O minimalismo tecnológico vem moldando o setor automotivo, mas nem sempre de forma positiva. Elementos básicos como botões físicos e janelas manuais estão sendo substituídos por funções digitais, o que pode complicar a experiência dos motoristas.

Problemas em sistemas digitais, como os vistos na Tesla e Polestar, destacam os riscos de confiar unicamente na tecnologia. Desde janelas que não abrem em emergências até falhas em comandos essenciais, os exemplos são preocupantes.

A aposta da Jaguar reflete essa tendência, priorizando design e inovação, mas com o potencial de sacrificar a praticidade.

 

Uma reinvenção em tempos desafiadores

A Jaguar, que já foi um ícone do luxo britânico, enfrenta tempos difíceis. As vendas globais caíram de 180 mil unidades em 2018 para apenas 67 mil em 2023. Como resposta, a marca anunciou em 2021 sua transição para veículos totalmente elétricos, planejada para 2025.

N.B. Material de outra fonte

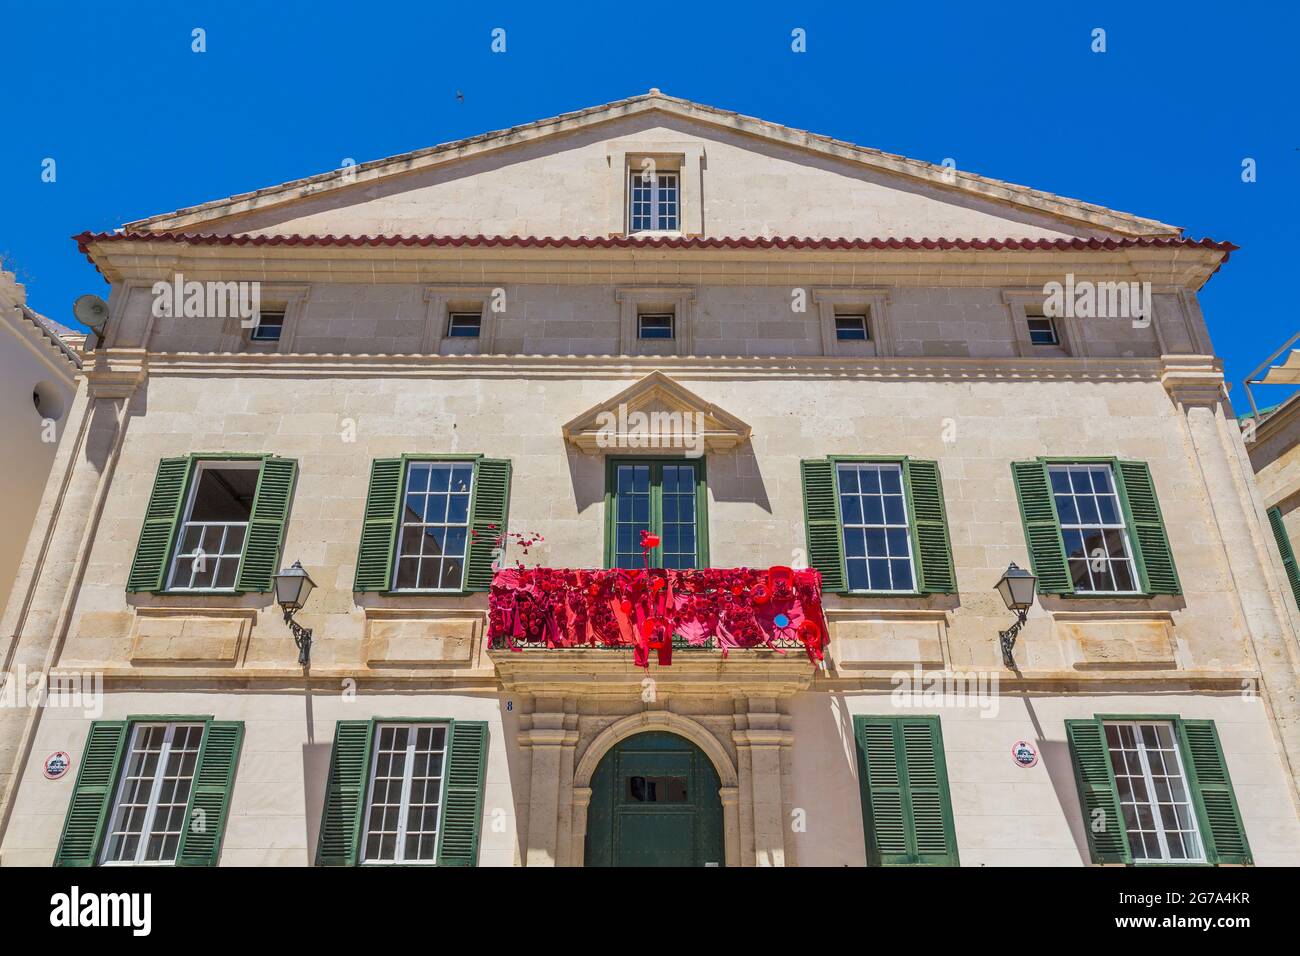 Red decorated balcony, Can Mercadal, municipal library, Biblioteca Central Insular, Placa de la Conquesta, Mahon, Mao, Menorca, Spain, Europe Stock Photo

Inspirando-se no sucesso da Tesla, a Jaguar busca se reposicionar como uma referência no mercado de carros elétricos premium. Contudo, a ênfase no design, mais do que na funcionalidade, atrai críticas e questionamentos sobre sua eficácia em atrair o público tradicional.

Inovação ou exagero?

O novo design da Jaguar polariza opiniões. Com linhas quadradas, cores suaves e referências a muscle cars americanos, o modelo parece mais um apelo visual do que uma revolução prática. Para alguns, é uma visão de futuro; para outros, um símbolo de status vazio.

Será que essa abordagem radical devolverá à Jaguar sua posição de prestígio ou alienará ainda mais seus fãs? O mercado será o juiz final dessa ousada aposta elétrica.